Most mammalian cells have a primary cilium which (it is hypothesized) is used to sense the environment. The mammalian cilium is identical to the bacterial flagellum, and the protein machinery associated with the growth, maintenance, and secondary signalling pathways is highly conserved.

There's obvious differences between prokayotic and eukaryotic cells- in addition to size (bacteria are much smaller than protozoans). The presence or absence of a nuclear membrane, the structure of the cell wall (gram positive or negative), but metabolic pathways are conserved, DNA is DNA everywhere, ribosomes are conserved, the ER is conserved, etc. etc. Bacteria do not have mitochondria.

Thank you for your reply, Andy, you've pretty much answered the OP. I was silently ignoring prokaryotes.

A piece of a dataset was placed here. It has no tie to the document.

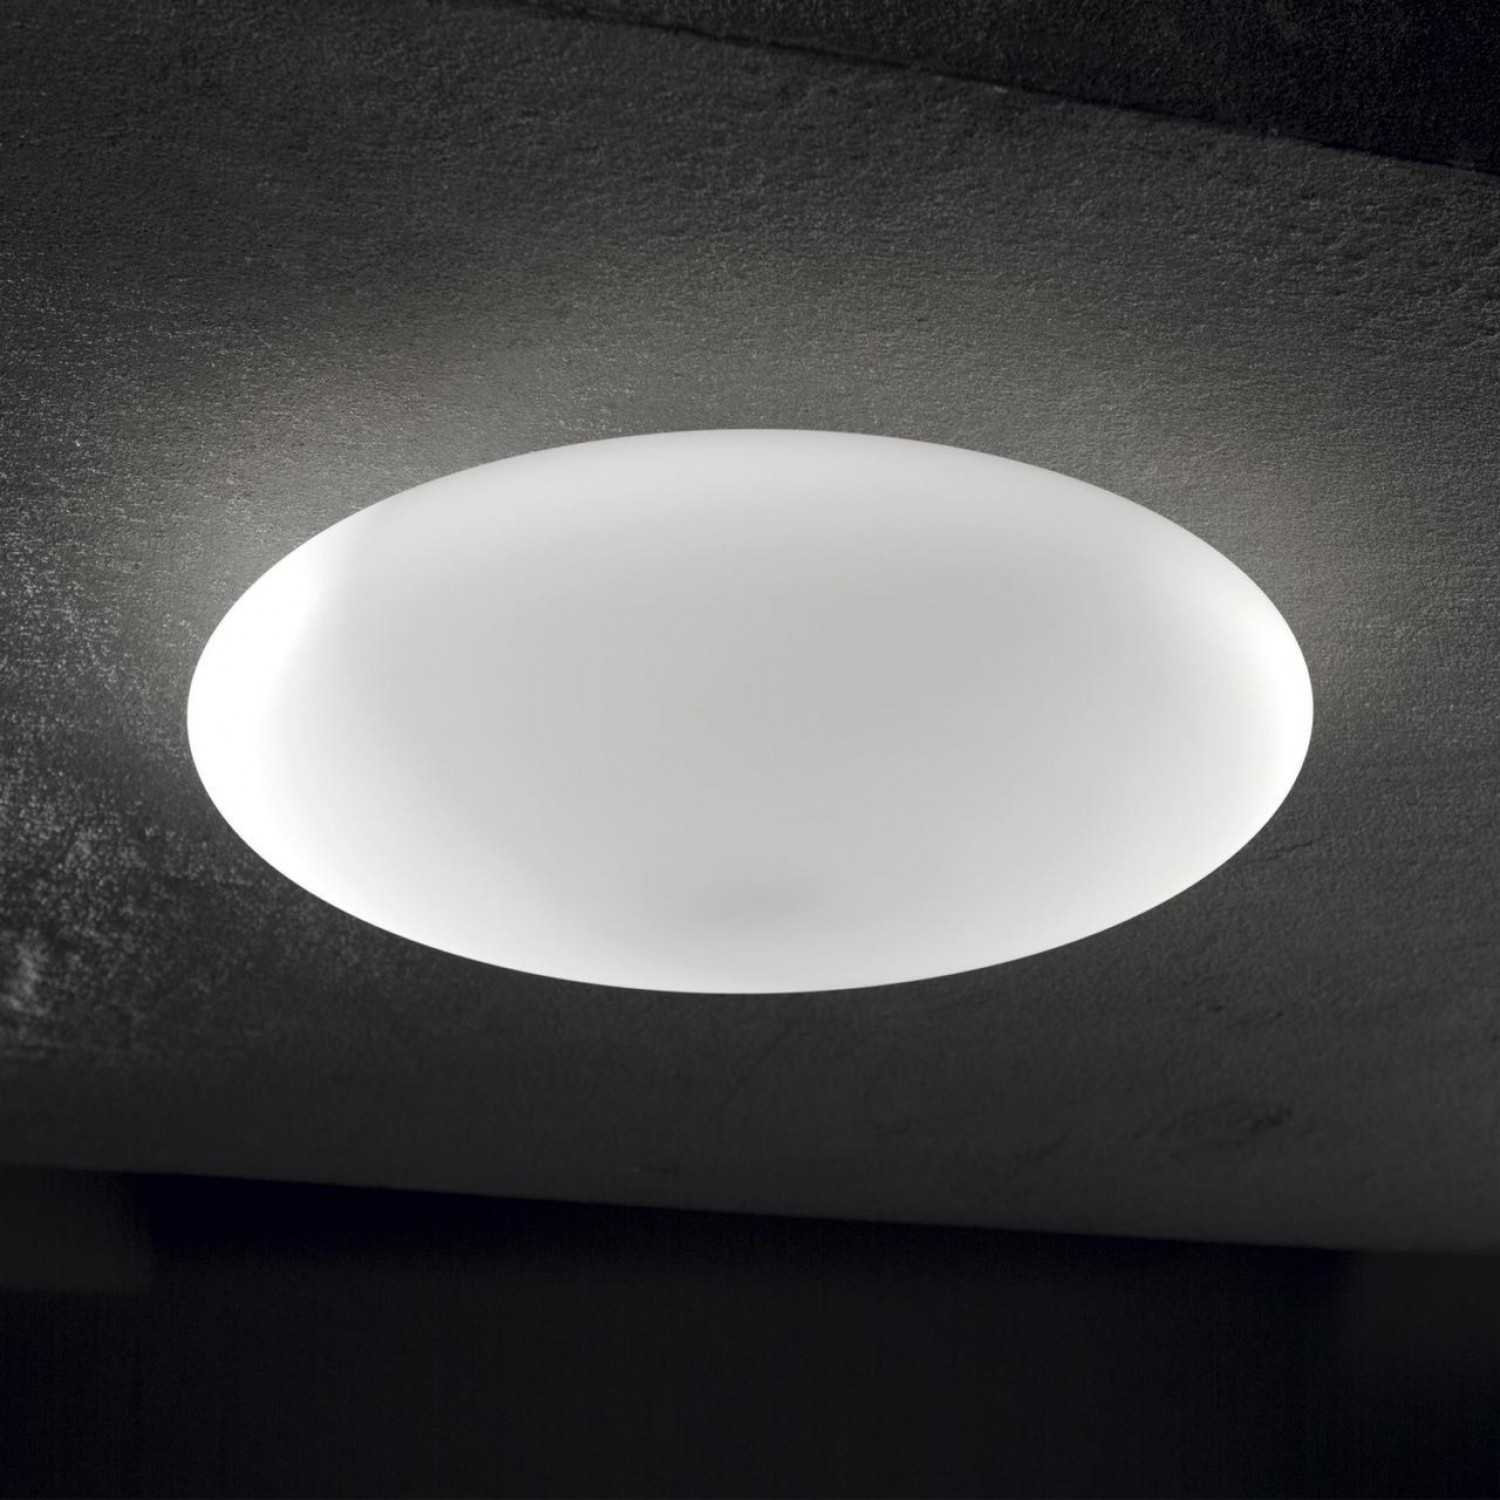 Потолочный светильник Ideal Lux SMARTIES PL1 D33 TRASPARENTE 035543
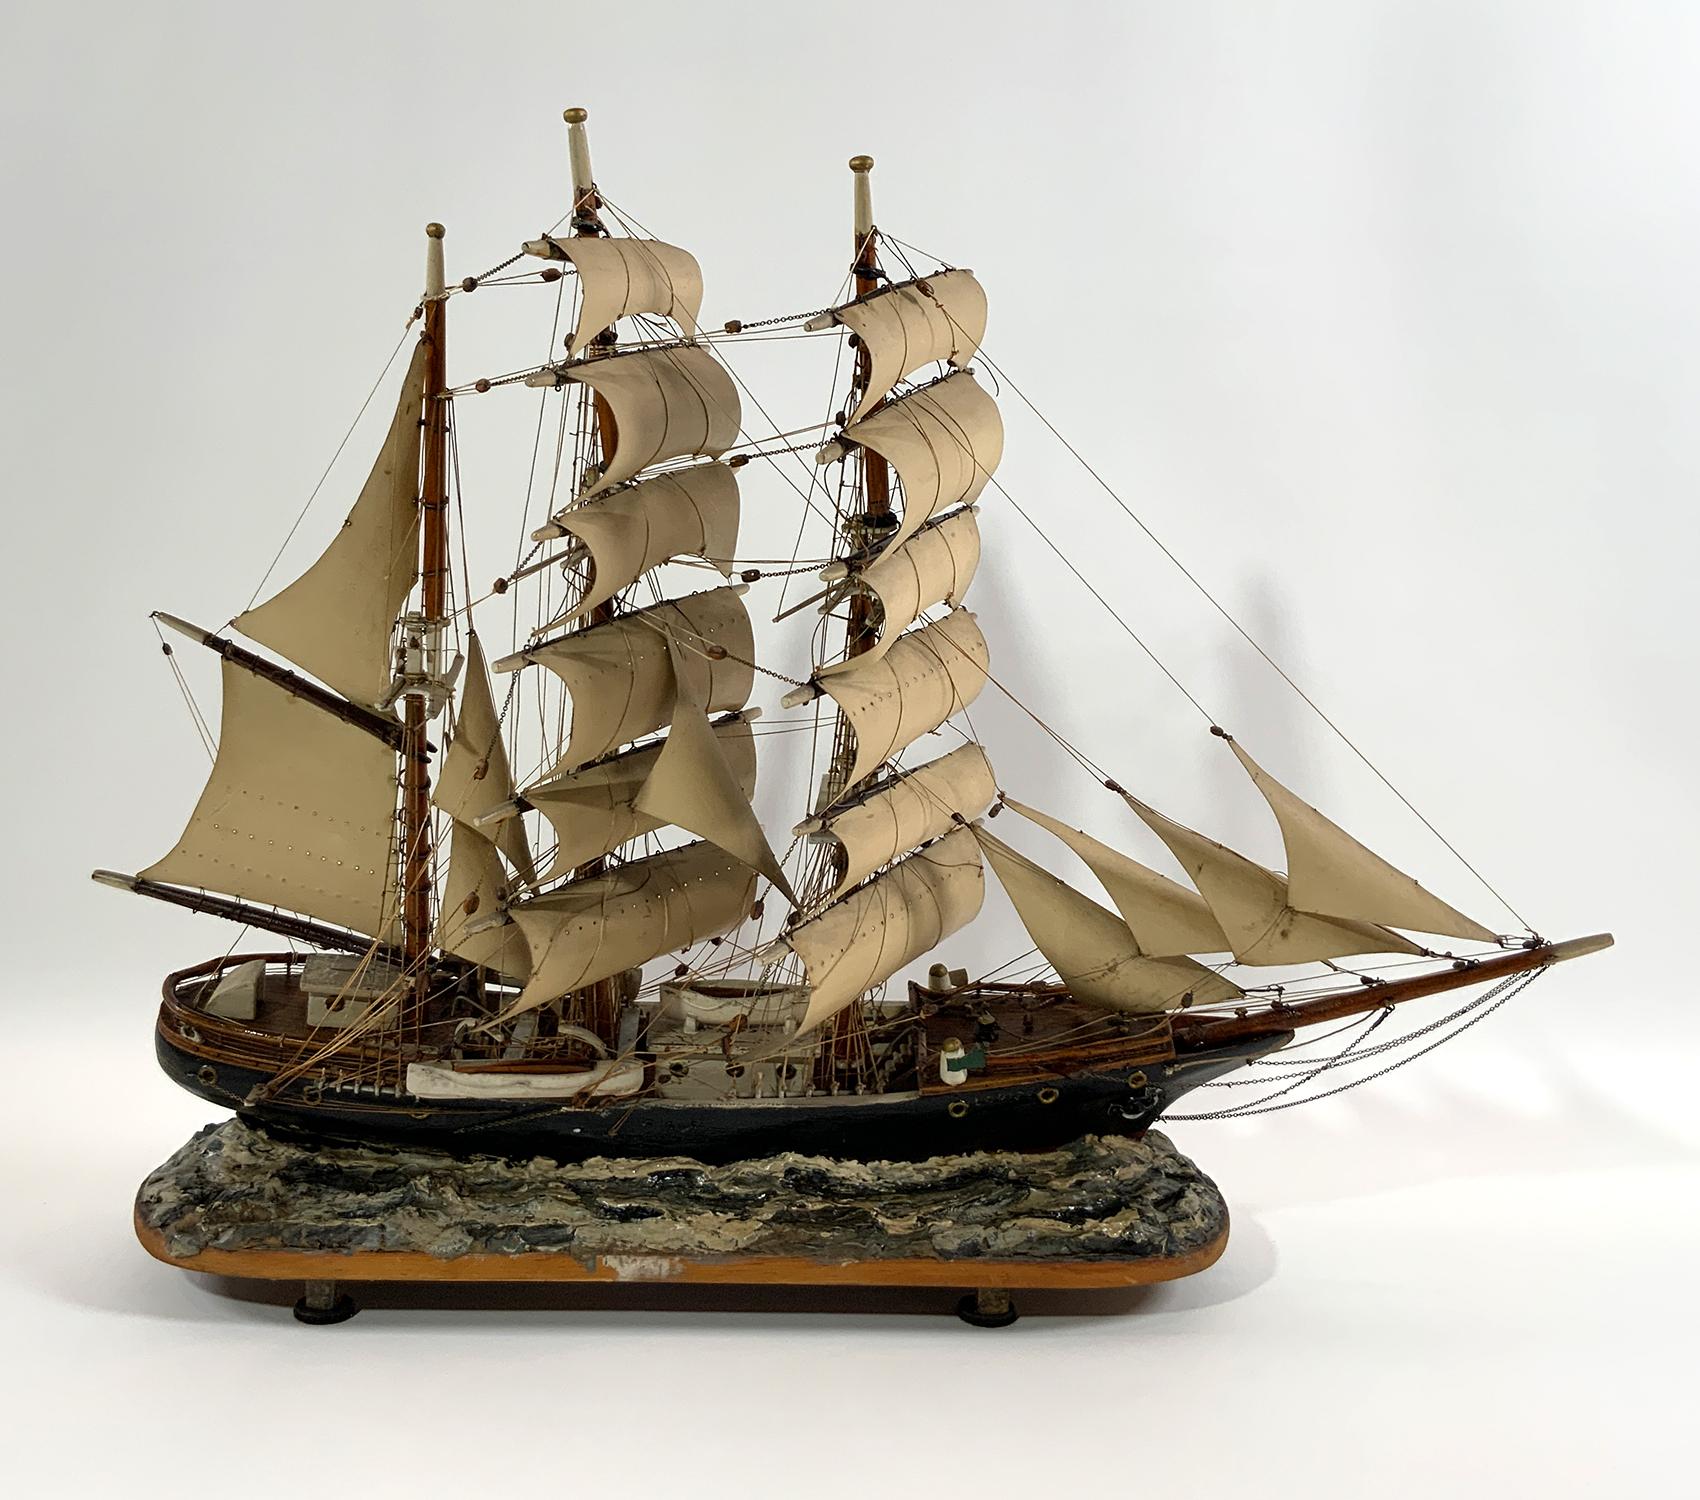 Charmante maquette de bateau antique représentant le Windjammer Louise naviguant à pleine voile sur des vagues d'argile. Superbe modèle de bateau ancien.

So even eukaryote bacteria don't have mitochondria... I guess that would make sense for the the endosymbiotic theory (hey, wouldn't that make the eukaryote w/ mitochondria multi-cellular? :P)

Monique said:
A major difference would be the set of genes that is expressed and the way the chromatin is modeled. When a cell differentiates its developmental potential becomes more limited, this is illustrated by a ball rolling downhill through different valleys (Waddington canal). The differentiation is typical for multi-cellular organisms.

Balls rolling down hills, you're speaking my language.

I suspected gene expression would have to be different. Is the underlying gene pool nearly an overlap between the two cases?